■ PROBLEM REQUIREMENTS:
Ignoring pictures, transcribe exactly the lines between the one containing "Wayne Co. leaders, Detroit" and the end of the material, both included.

■ DATA EXCERPT:
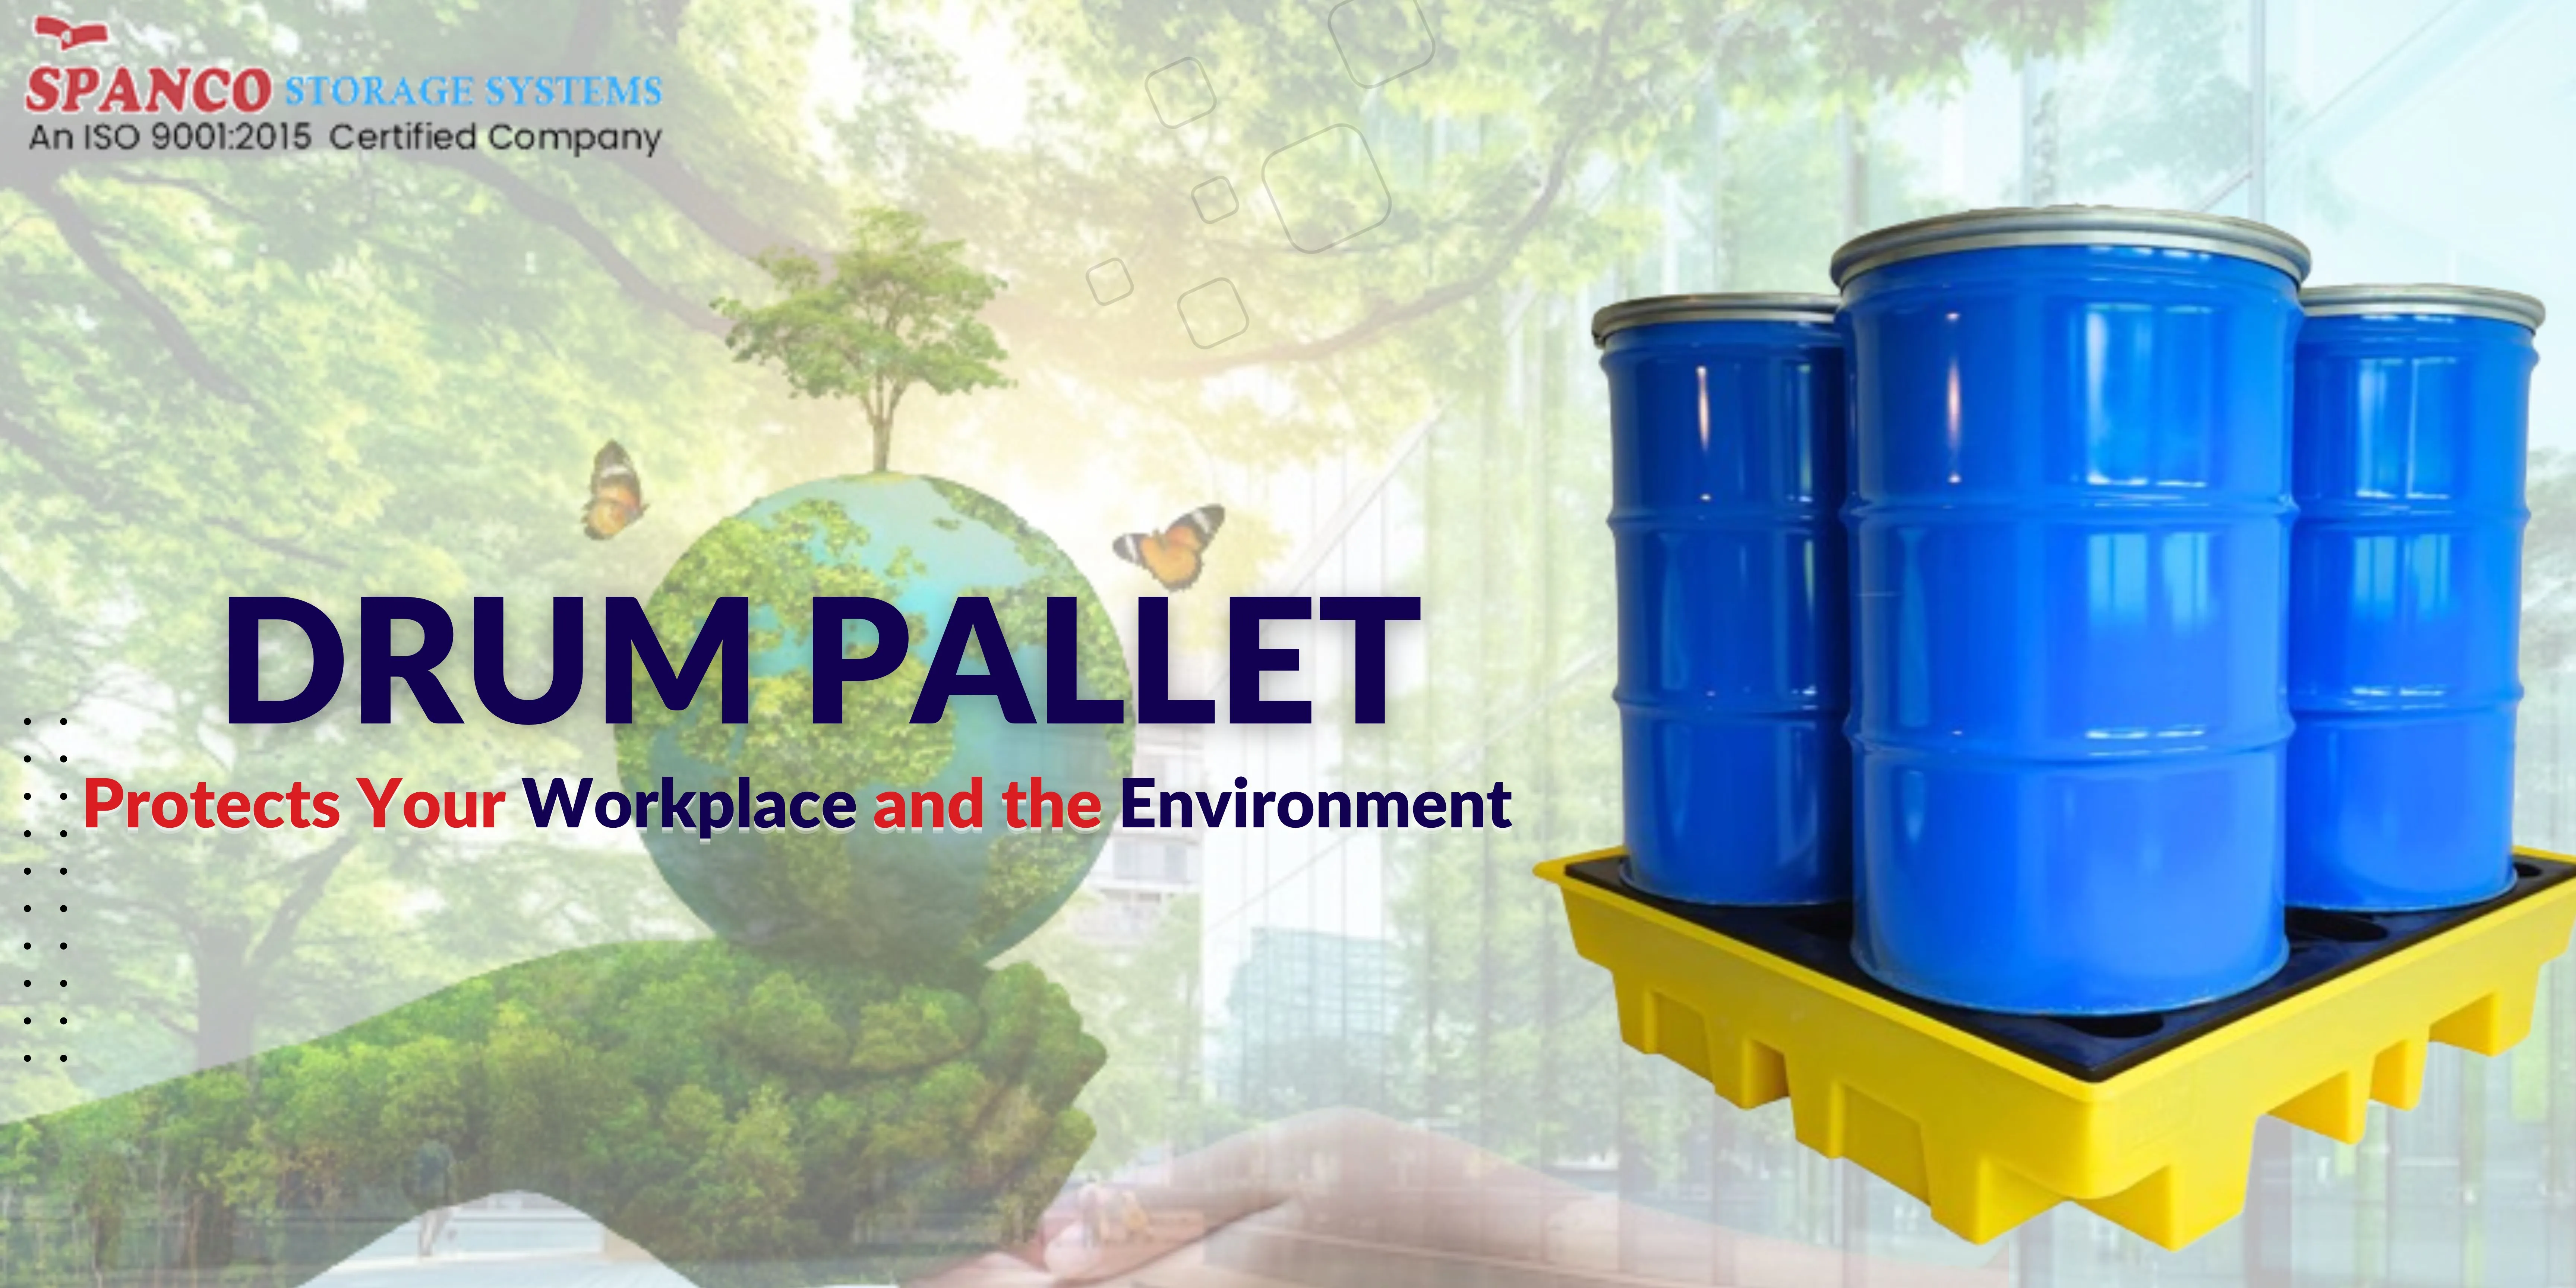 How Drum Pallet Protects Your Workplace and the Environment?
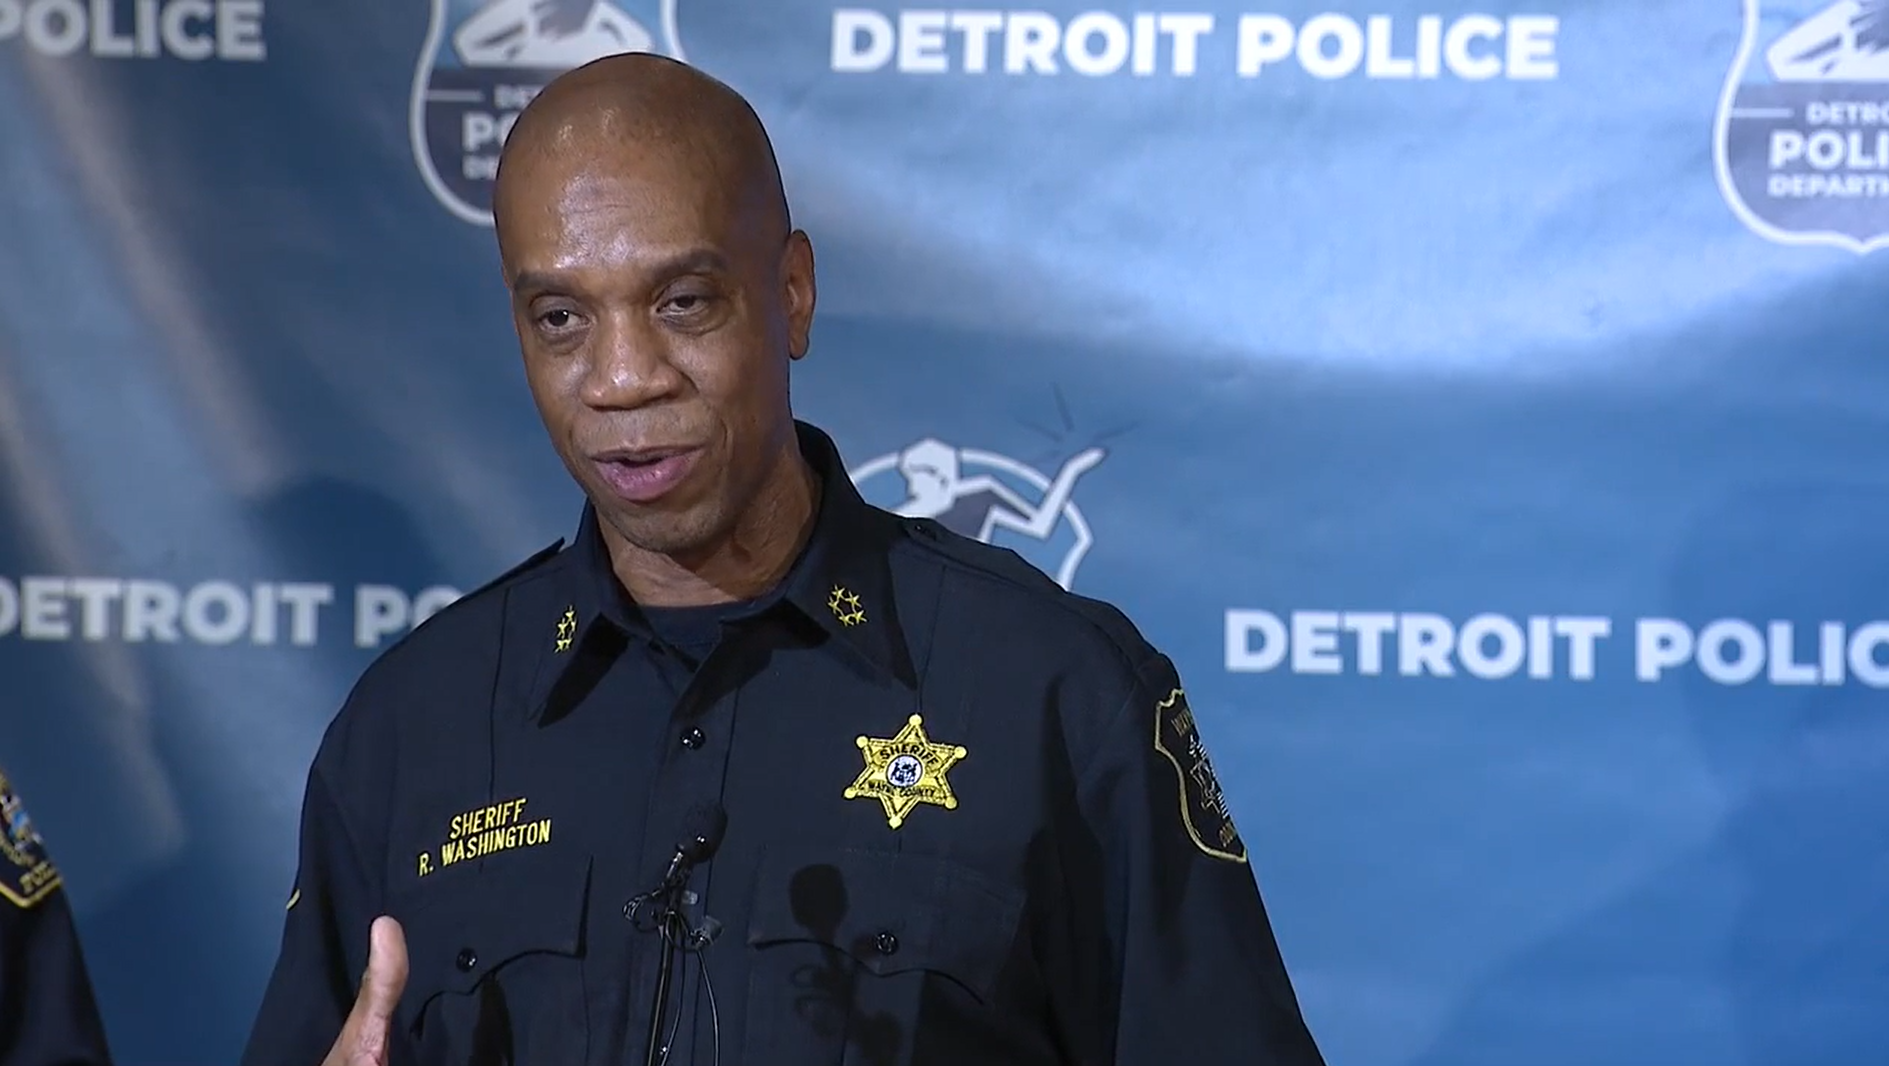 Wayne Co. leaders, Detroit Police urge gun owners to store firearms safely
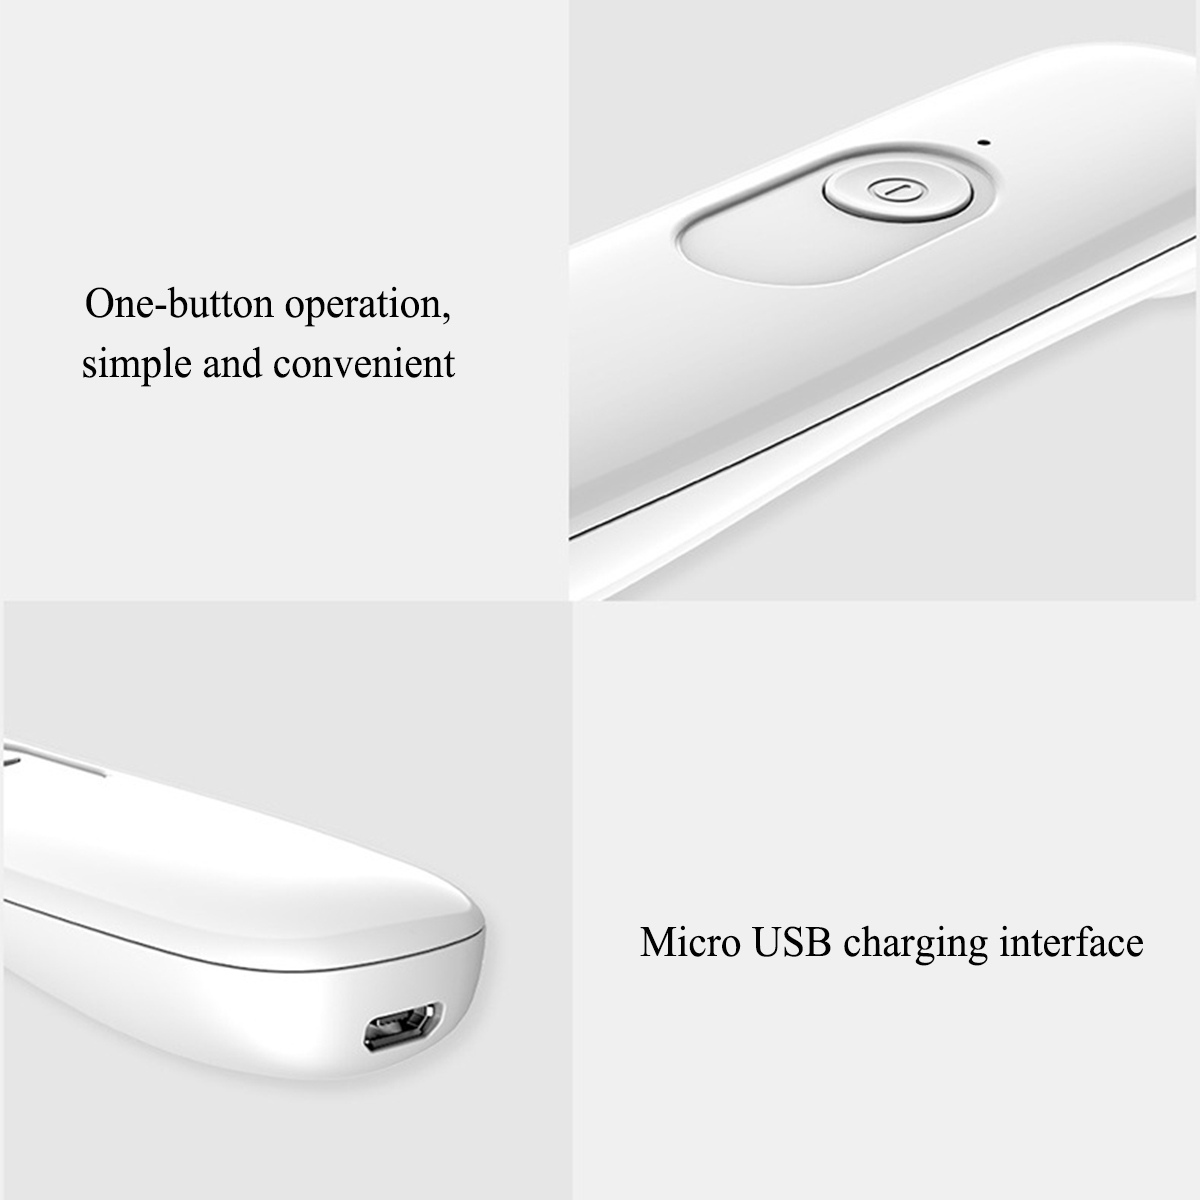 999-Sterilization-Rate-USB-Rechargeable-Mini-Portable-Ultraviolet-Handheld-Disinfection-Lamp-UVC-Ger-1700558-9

■ TASK SOLUTION:
 Wayne Co. leaders, Detroit Police urge gun owners to store firearms safely
 999-Sterilization-Rate-USB-Rechargeable-Mini-Portable-Ultraviolet-Handheld-Disinfection-Lamp-UVC-Ger-1700558-9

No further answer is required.